After graduating from school, we pour our energies into our work and careers. We focus our energies on the needs of our clients and our work, often at the expense of our personal needs. When we don’t receive the acknowledgments and promotions that we feel we deserve, we rant and rave in our mind about how life is so unfair, how nobody really cares, it’s all too much, and it’s all hopeless. Yet even when we are recognized for our contributions and accomplishments, we often feel embarrassed and try to hide or downplay our contributions. We take these actions so that we don’t have to focus attention on ourselves. These actions allow us to continue to spin in our stories about how life is unfair and how we give and give and never get anything in return. Does this sound familiar?
The reason we feel empty inside is because we are too busy focusing our energies on everything “outside” of ourselves (e.g., our family, our job, our friends, our country, the environment, etc.) so that we don’t have to focus on what is inside of us - our inner self. If we are so busy giving to others that we neglect to give to ourselves, then how do we continue to give when there is nothing left to give?
The Universal Law of Balance states that we must give equally to ourselves that we give to others. Only then are we truly balanced. Giving equally to ourselves means taking care of our emotional, mental and physical needs. It means eating at least three healthy meals everyday, getting enough rest, exercising daily, and spending time alone to meditate or to just relax.
As we direct more of our energies inward, we will recognize our true inner self. We will come to appreciate our experiences more and know that we have the power to create whatever experiences we wish to have. We will remember that we are in control of our lives and life does not control us. In the process, we will become more alert, balanced and relaxed. Our internal rants will become less and less until they fade away. Now wouldn’t that be a pleasant experience.
April 15, 2009
Have you ever said or heard someone say “that some day they are going to _______ (fill in the blank).”
I’m too young, but some day when I grow up, I am going to travel around the world.
I don’t have time to study abroad, but some day after I graduate from college, I am going to travel around the world.
I need to focus on my career, but some day after I have established myself, I am going to travel around the world.
I have bills to pay, a family and more kids coming, but some day after the kids have grown up, I am going to travel around the world.
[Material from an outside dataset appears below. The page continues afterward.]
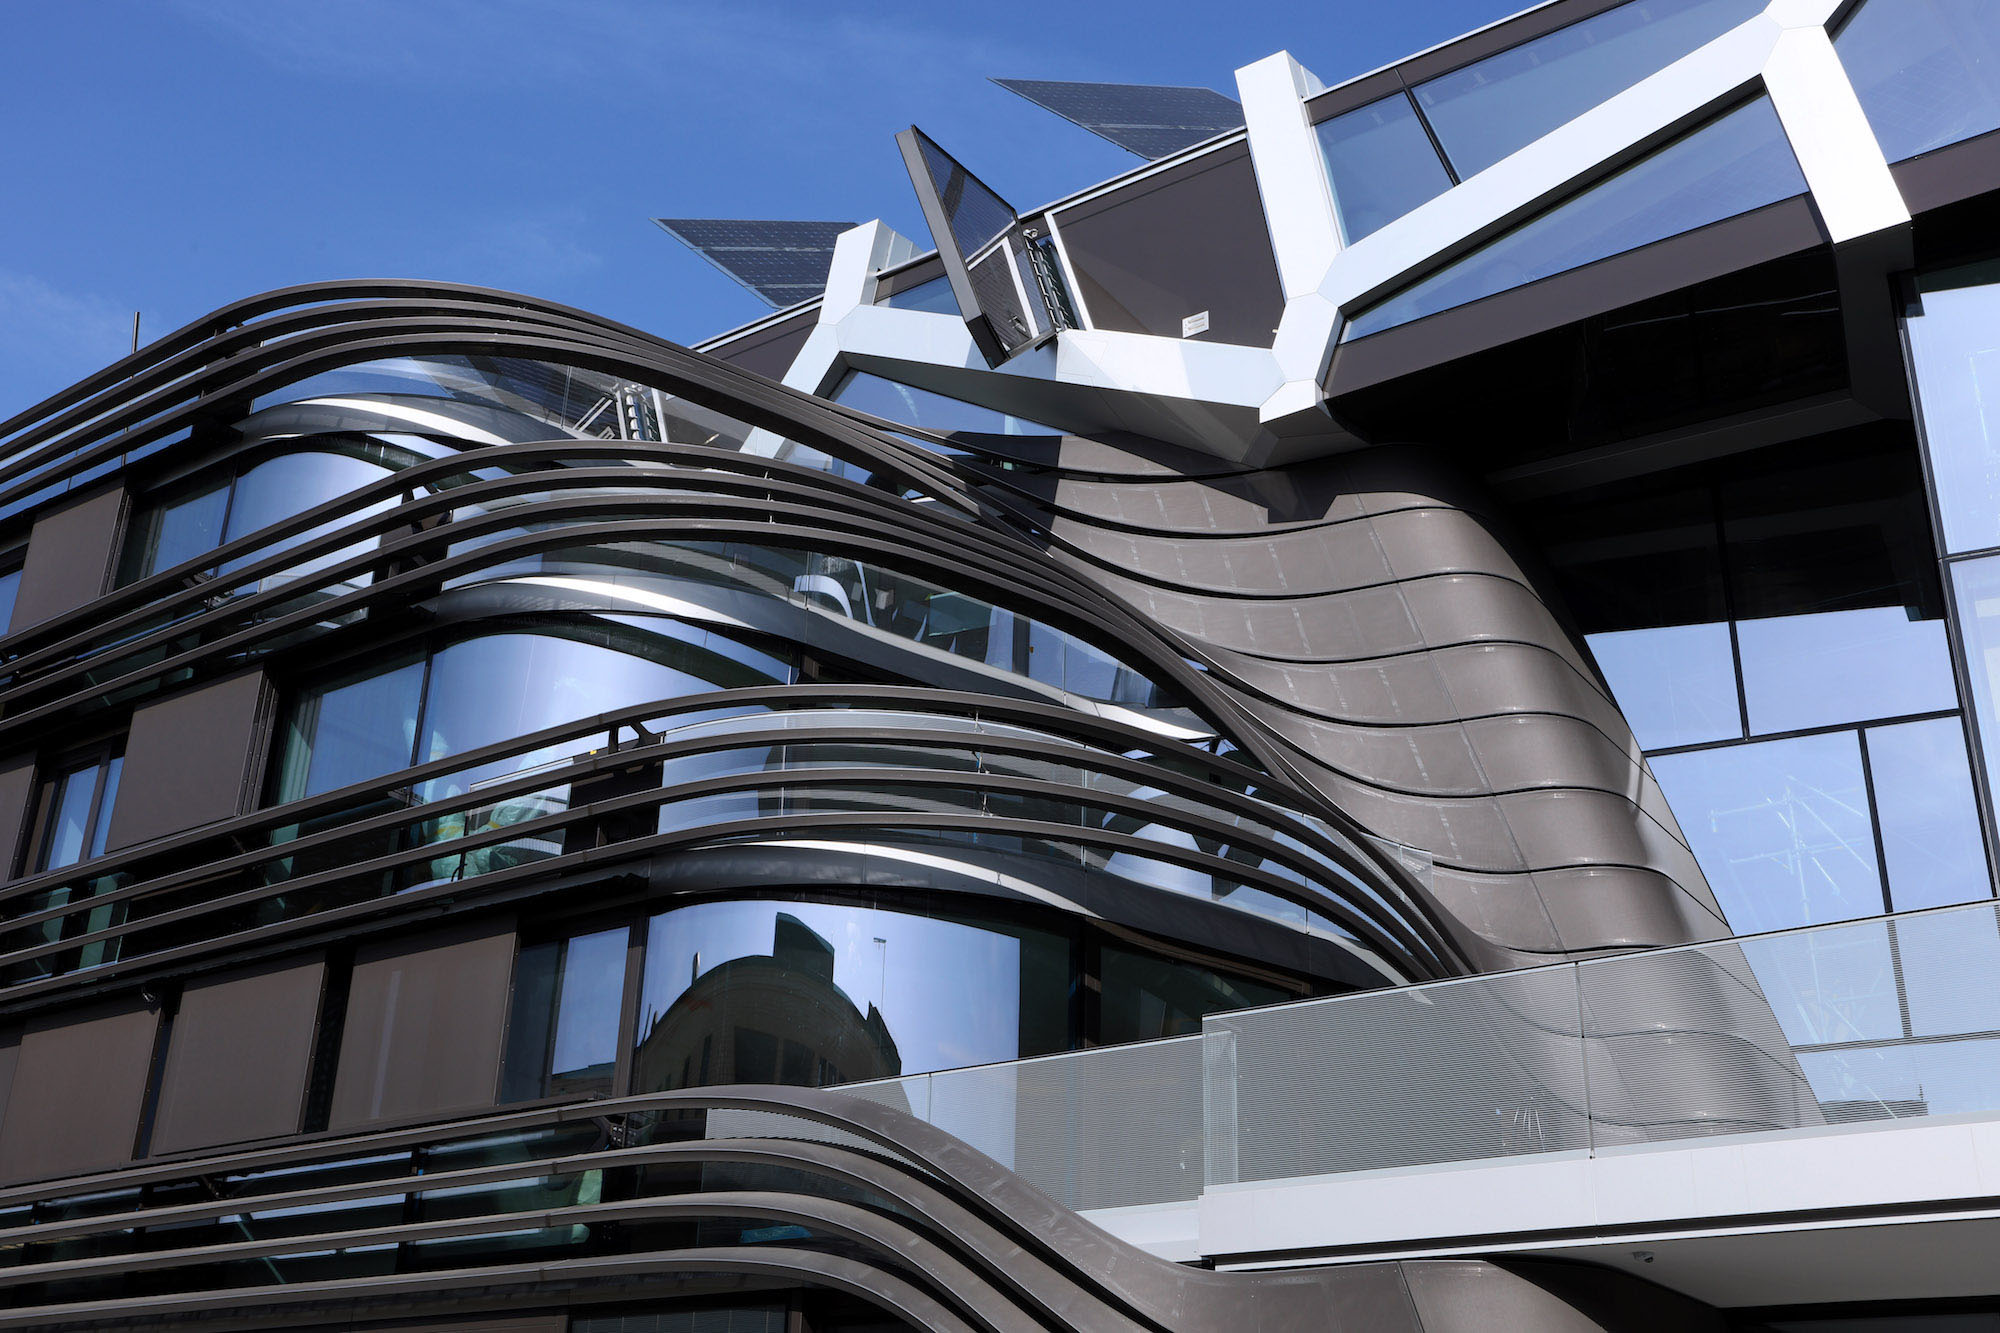 P04_falkeis.architects_a.e.b_Foto R.Korner_3C3A9503be.jpg

The kids have grown up and moved away, but some day when the economy is better, I am going to travel around the world.
The years have passed like grains of sand in a desert storm. My health is poor now and I can no longer travel. My dream of traveling around the world is now just that, only a dream.
Does this sound familiar in anyway to you? How many times do we say we want to do something and we don’t take action? We say we want one thing but settle for another.
You are either moving towards your dream or you are moving away from it. The choice is up to you. What are you going to do?